Assignment:
Return each line exactly, beginning with the one that has "Sandales Gente Roma Femme" and finishing with the final line of the material. Drop any pictures.

Dataset content:

____

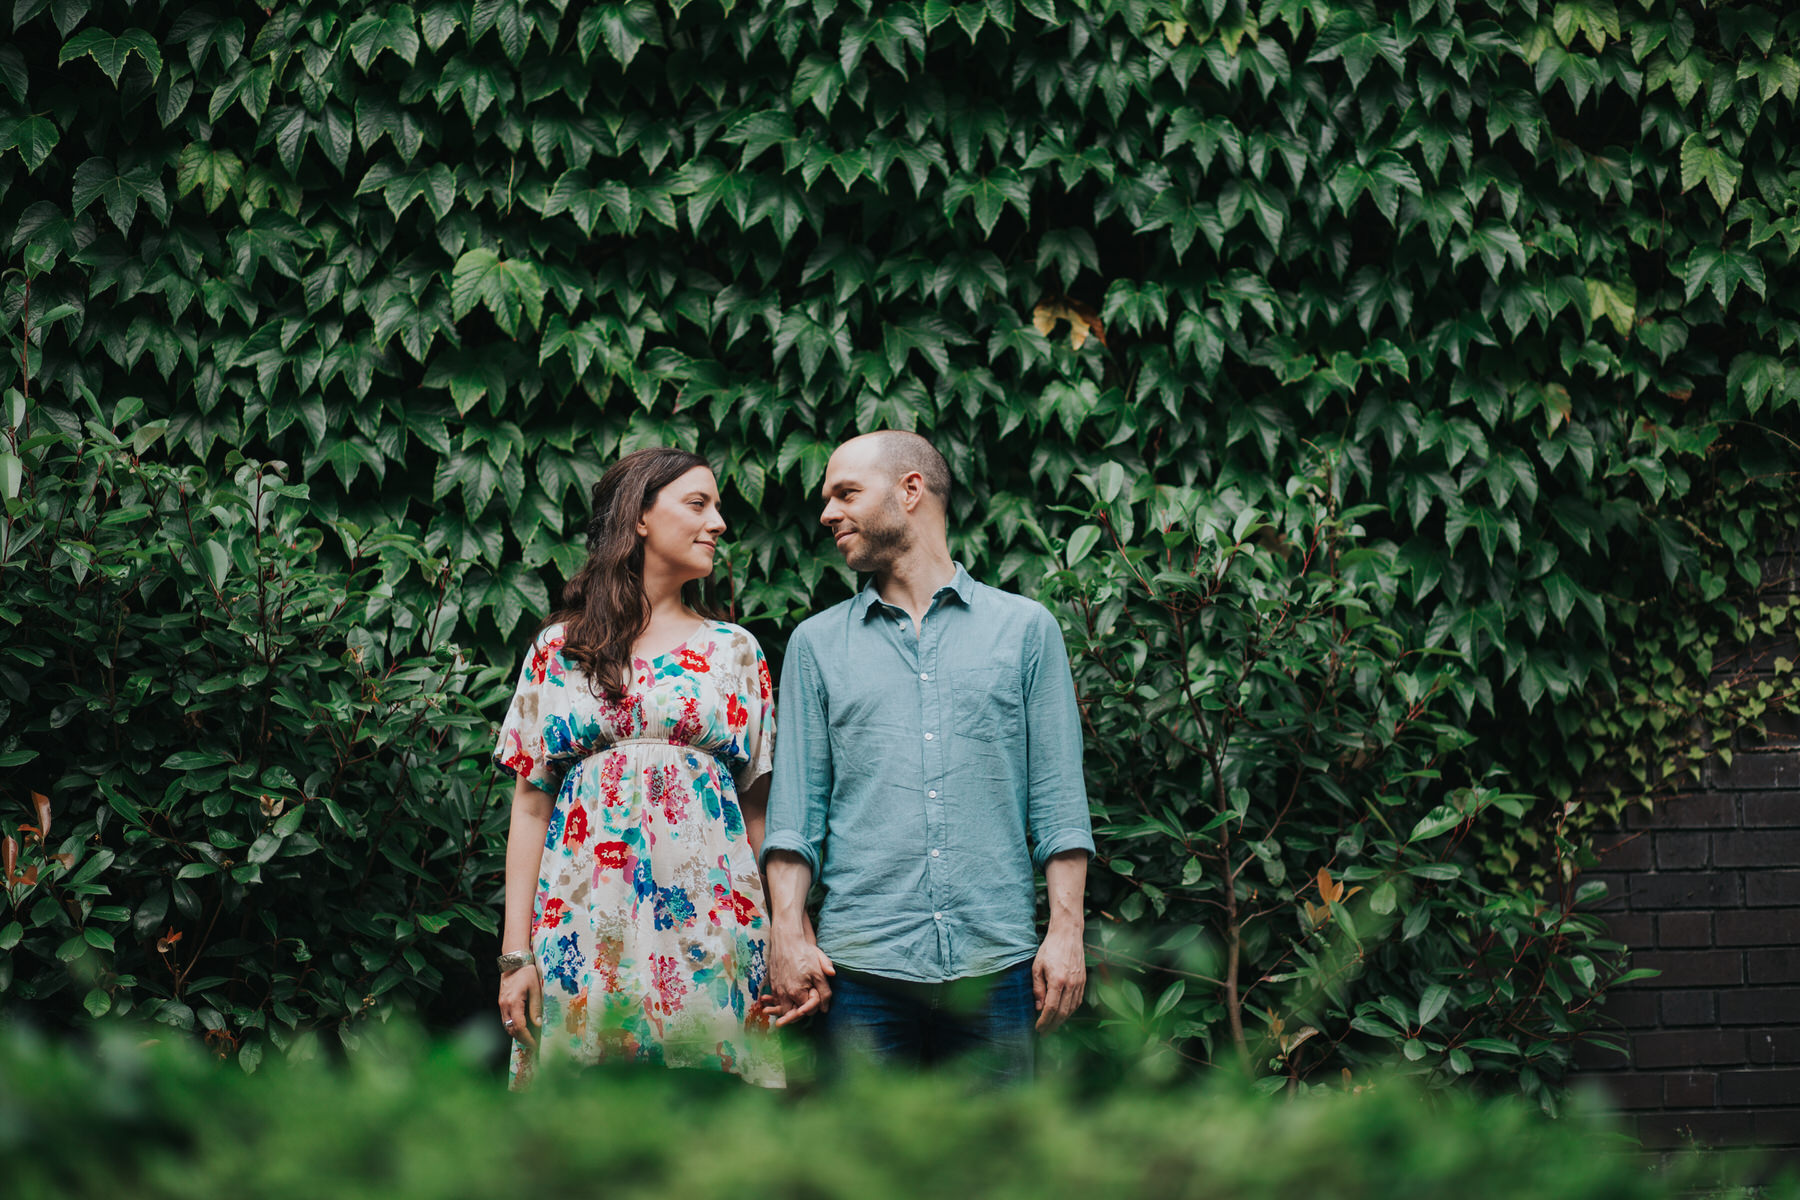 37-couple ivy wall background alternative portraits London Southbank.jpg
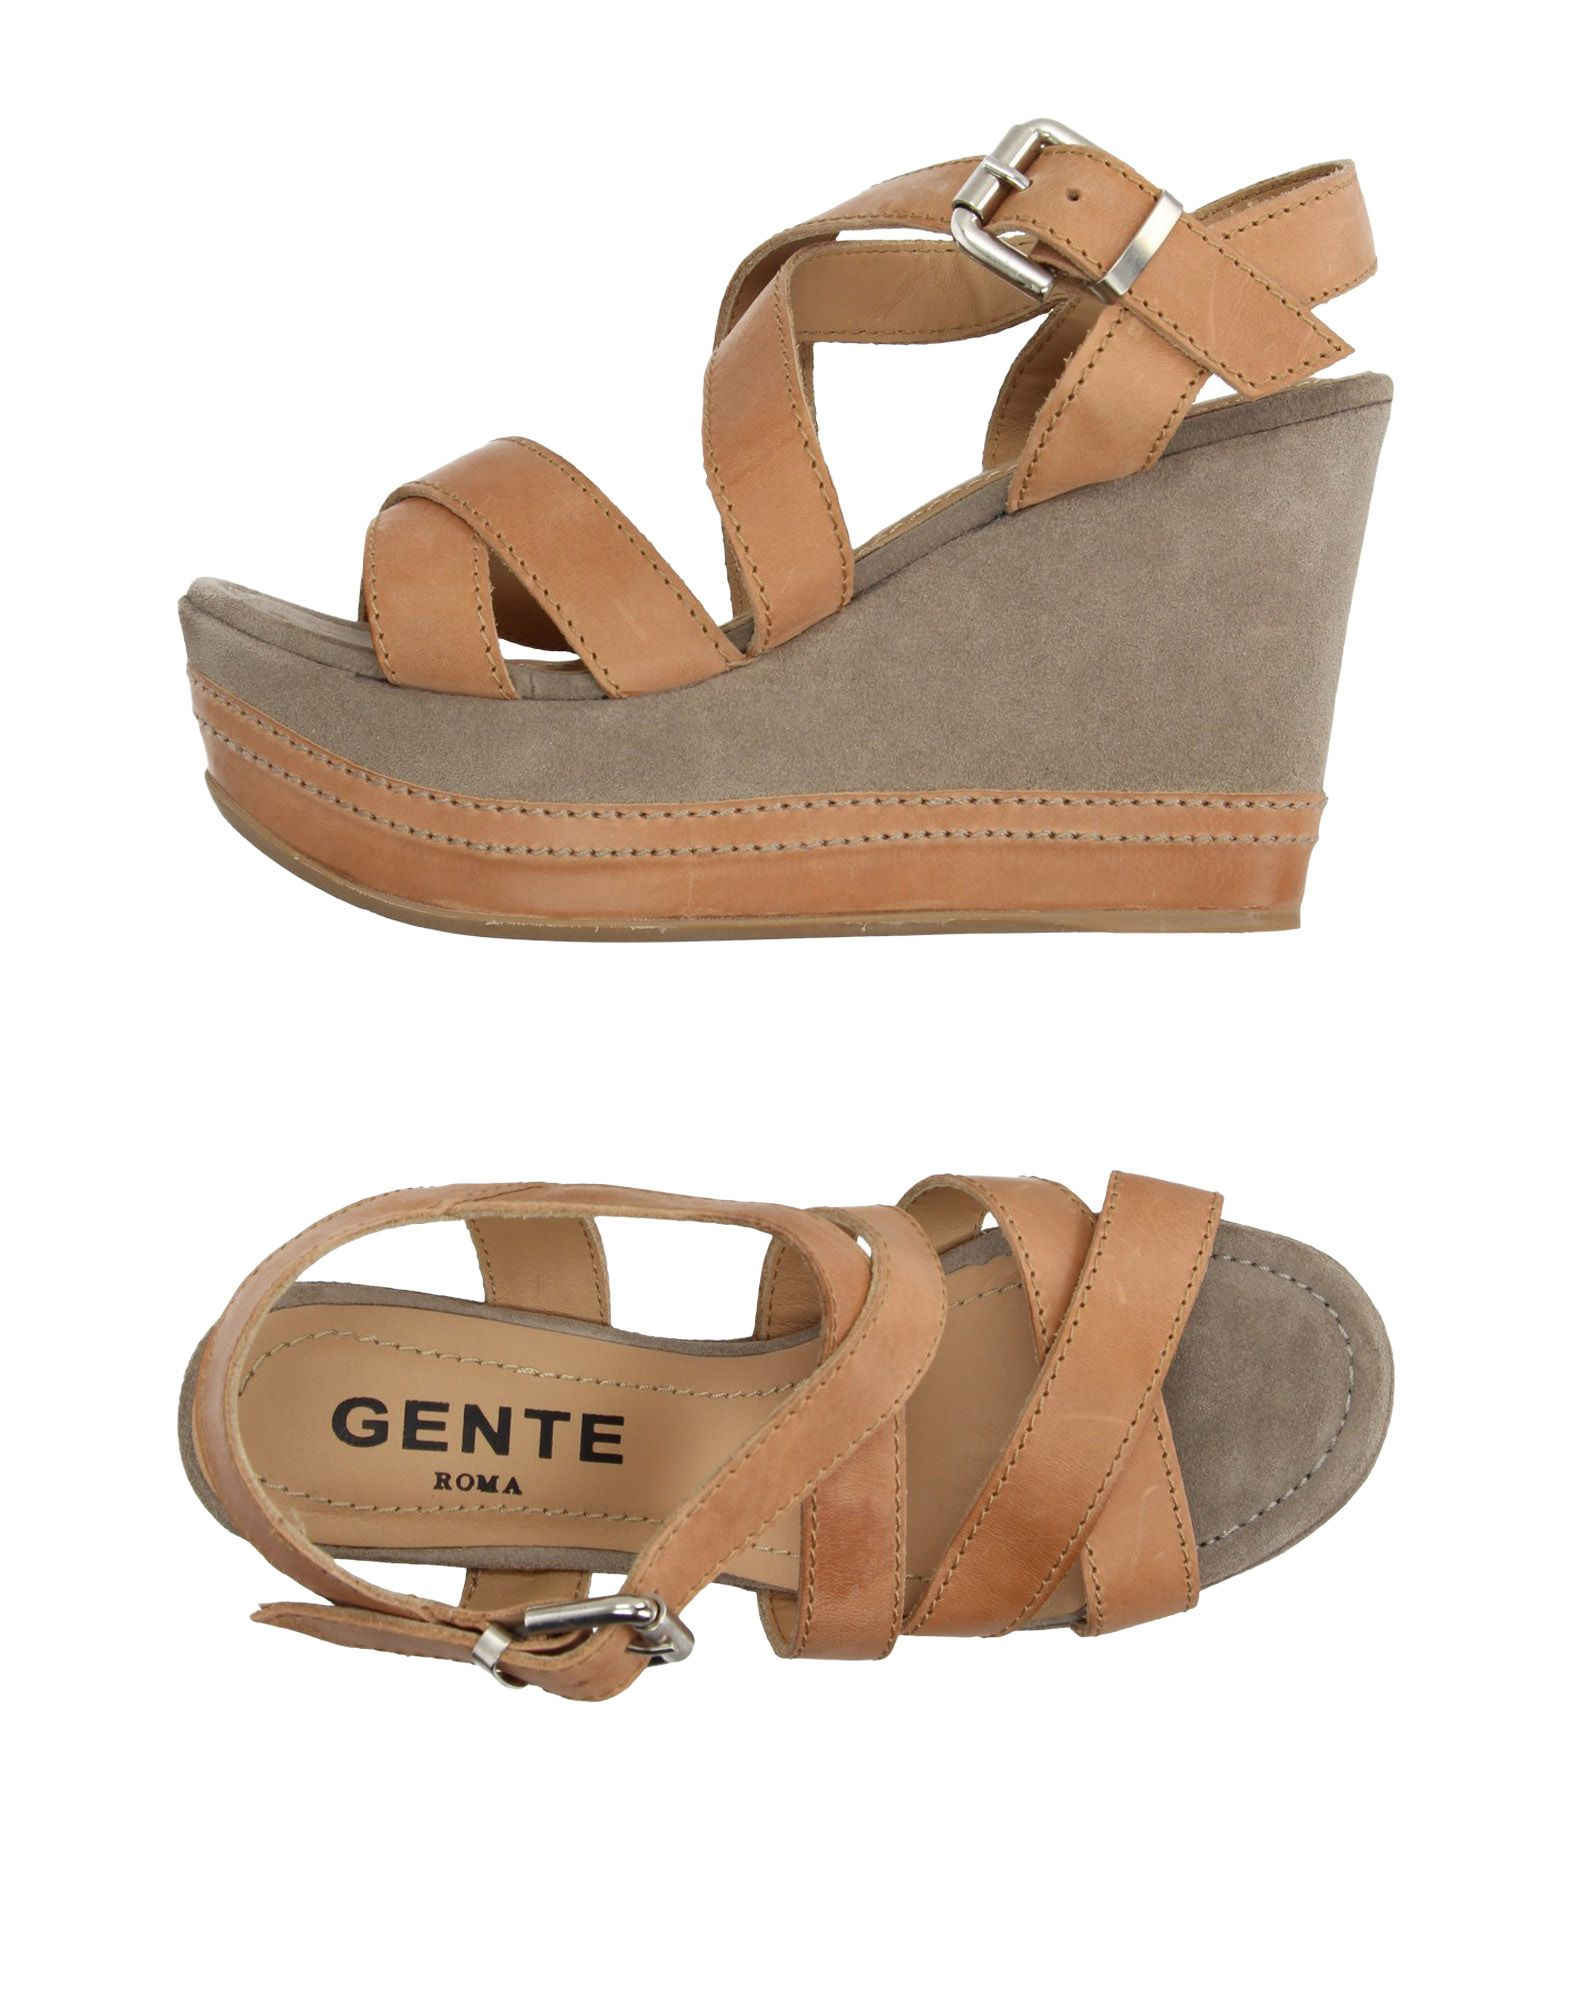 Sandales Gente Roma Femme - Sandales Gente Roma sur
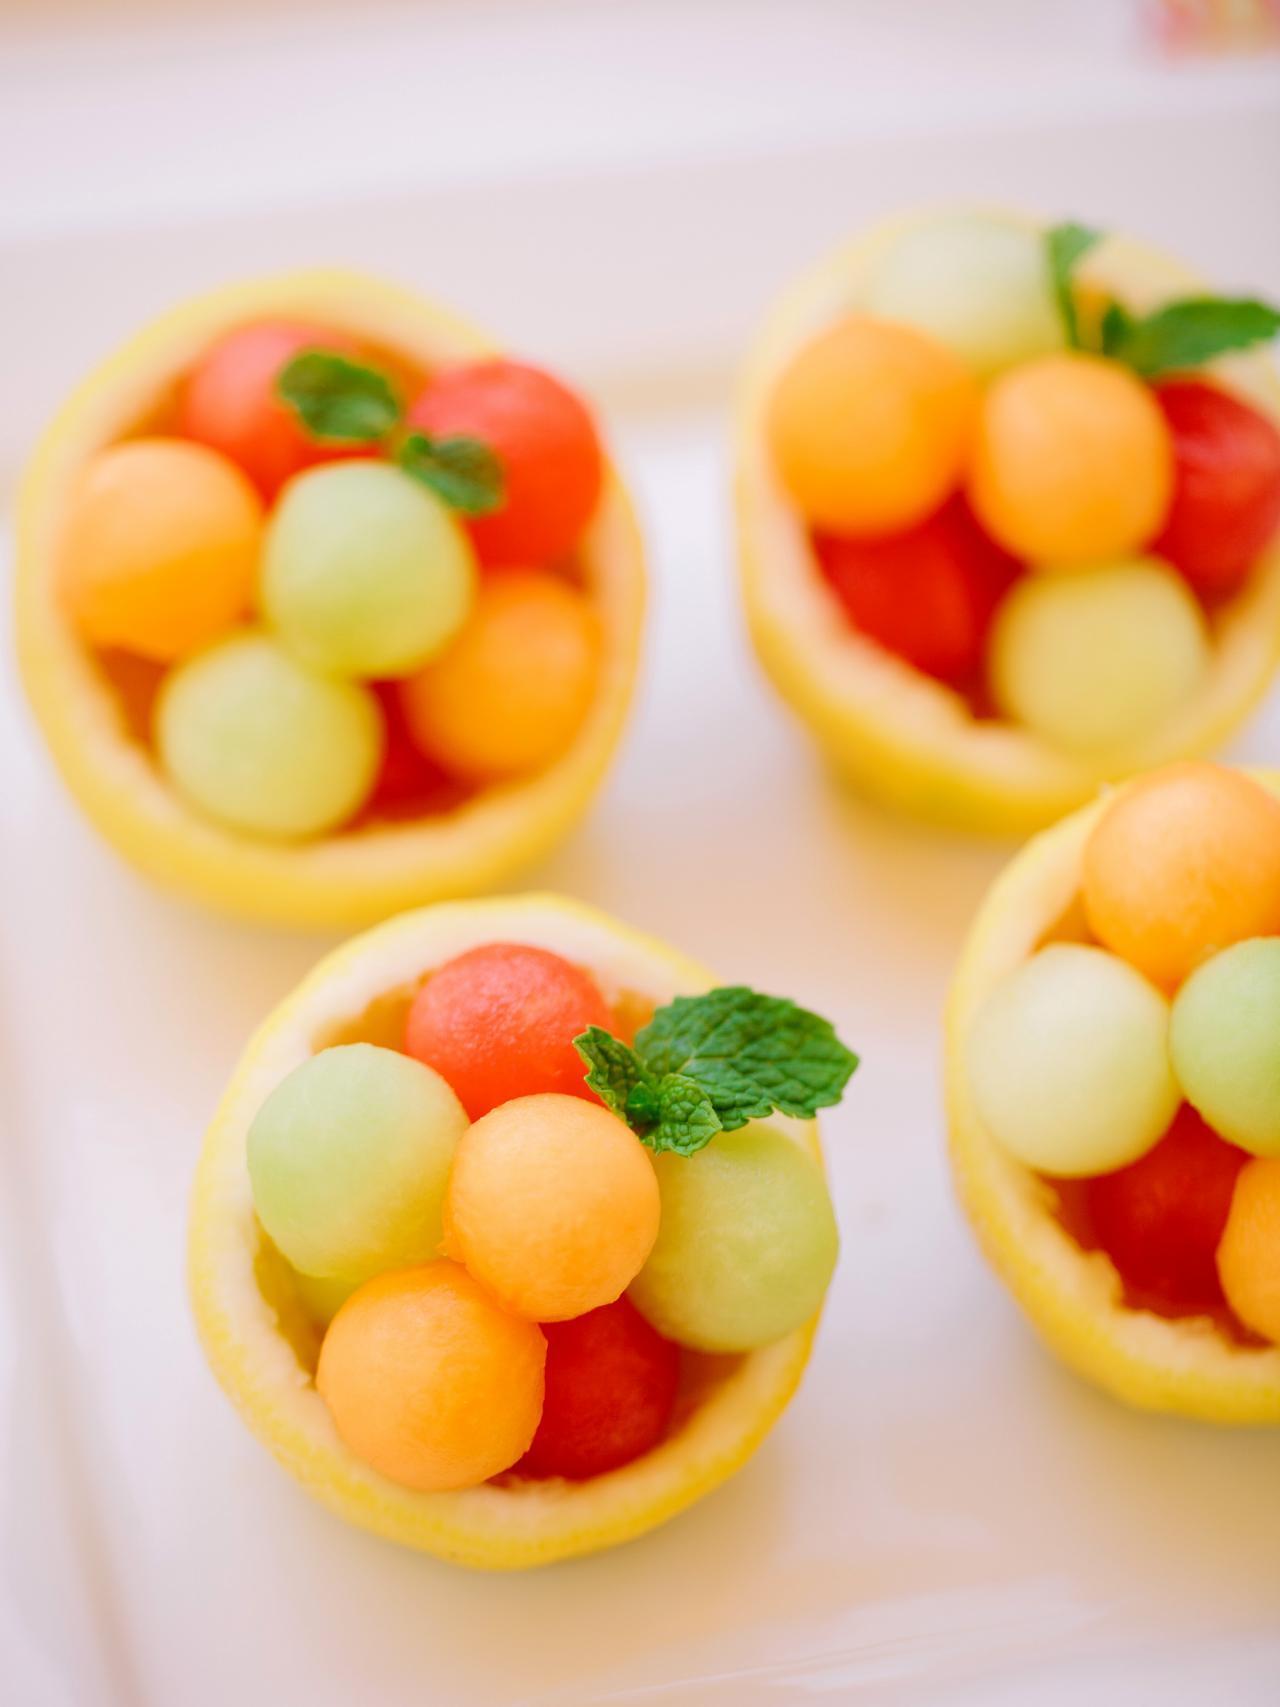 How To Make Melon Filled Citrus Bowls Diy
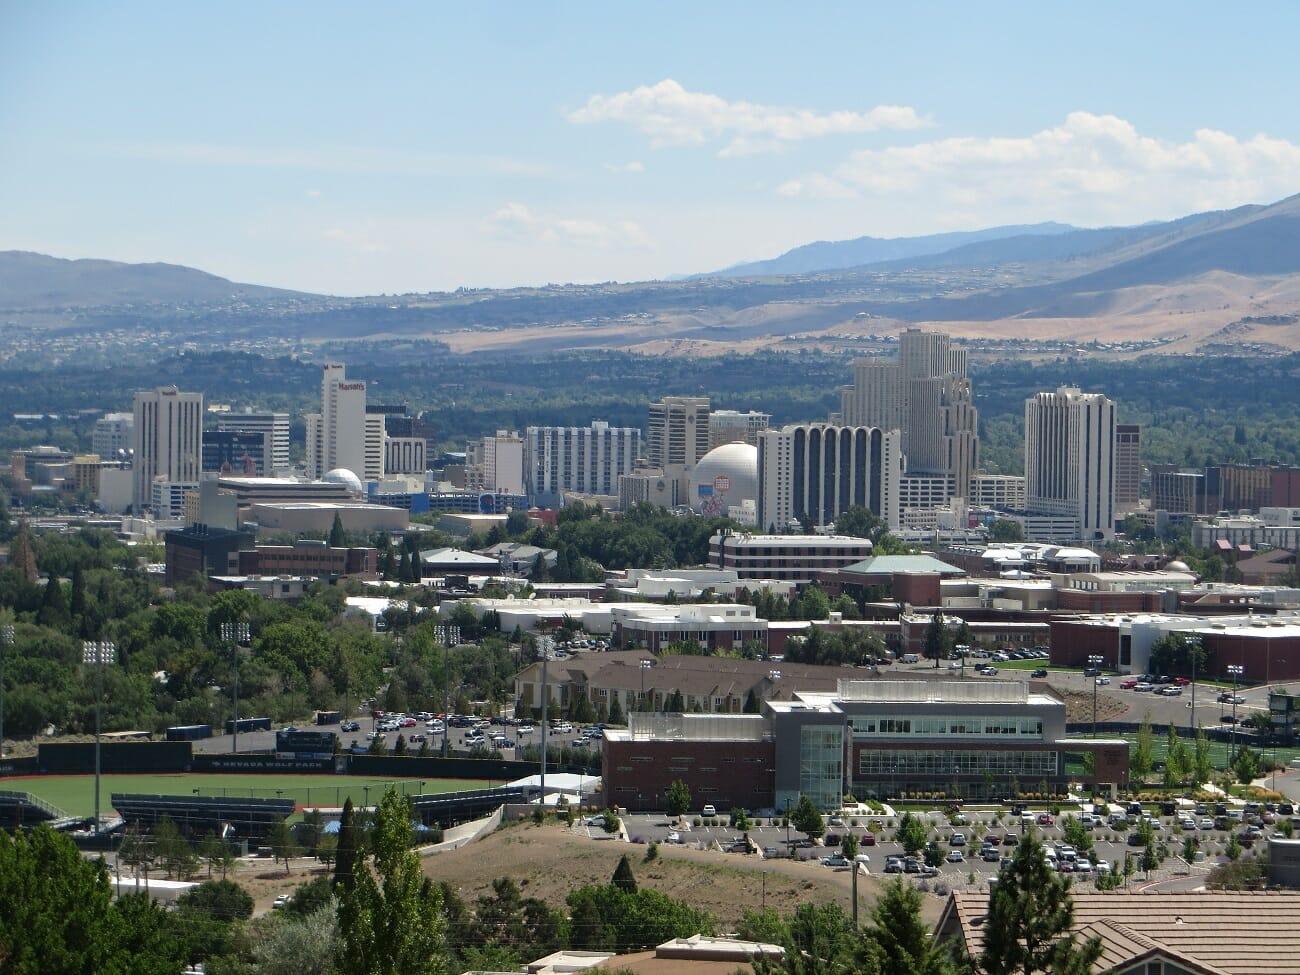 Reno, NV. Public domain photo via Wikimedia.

____

Response to this task:
 Sandales Gente Roma Femme - Sandales Gente Roma sur
 How To Make Melon Filled Citrus Bowls Diy
 Reno, NV. Public domain photo via Wikimedia.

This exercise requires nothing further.